To further correct the SRT Gemini is used. Original audio is provided as the ground truth along with the diarization data and SRT data as flawed data. Gemini takes the SRT and diarization data as reference to frame the final "output.srt"

In [None]:
import google.generativeai as genai
import textwrap
import os

def correct_srt_with_gemini(api_key: str, audio_path: str, diarization_text: str, flawed_srt_text: str) -> str:
    """
    Uses Gemini to correct a flawed SRT file using audio and a diarization timeline.

    Args:
        audio_path: The file path to the audio to be analyzed.
        diarization_text: A string containing the speaker diarization timeline to be used as a reference.
        flawed_srt_text: A string containing the  SRT transcript to be used as a reference.

    Returns:
        The corrected SRT content as a string.
    """
    try:

        genai.configure(api_key=api_key)


        print("Uploading audio file to Gemini...")
        audio_file = genai.upload_file(path=audio_path)
        print(f"✅ Audio file '{audio_path}' uploaded successfully.")


        prompt = textwrap.dedent("""
        <prompt>
    <system_instructions>
        You are an expert AI subtitler and audio analyst.
        Your primary task is to create a perfectly accurate, speaker-separated SRT subtitle file directly from the provided audio.

        1.  **Analyze Audio Ground Truth:** The audio file is the single source of truth. Listen to it carefully to determine the exact words spoken, the timestamps, and the speakers.

        2.  **Perform Your Own Speaker Diarization:** Identify the number of speakers in the audio yourself. Label them consistently as `[Speaker 1]`, `[Speaker 2]`, etc., based on the order of their first appearance.

        3.  **Use Reference Data as Weak Hints:** You are also provided with two pieces of low-confidence reference data: a faulty diarization timeline and a flawed draft SRT. Use them only as weak hints if you are uncertain.

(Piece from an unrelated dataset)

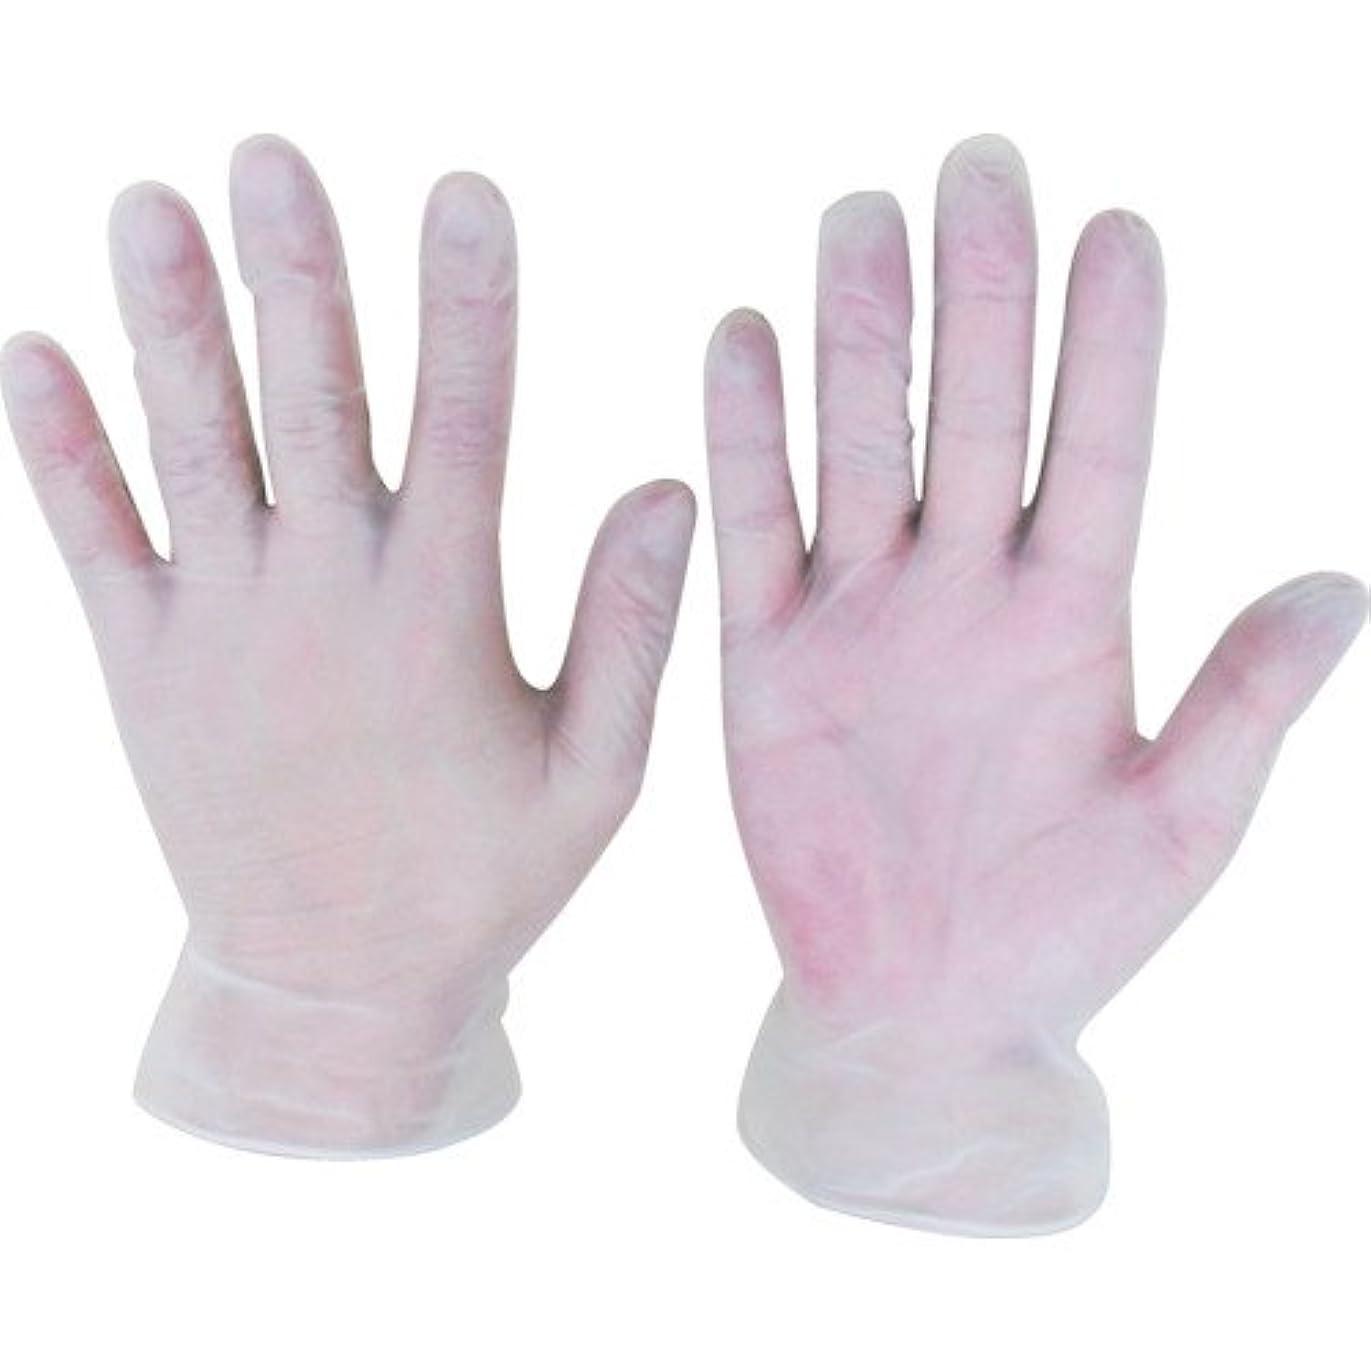 開示する手がかりファントムシンガー USプラスチック ディスポ手袋 201(100枚入)M

        4.  **Generate a Perfect SRT File:** Your final output must be a single, complete SRT file.
            -   The text, speaker labels, and timestamps must be derived directly and accurately from your analysis of the audio.
            -   **Crucially, each distinct spoken utterance, even if it overlaps with another, must be its own numbered block with its own precise start and end times.**
            -   Do not include any other text or explanations. Ensure the dialogue flows naturally and sentences are complete.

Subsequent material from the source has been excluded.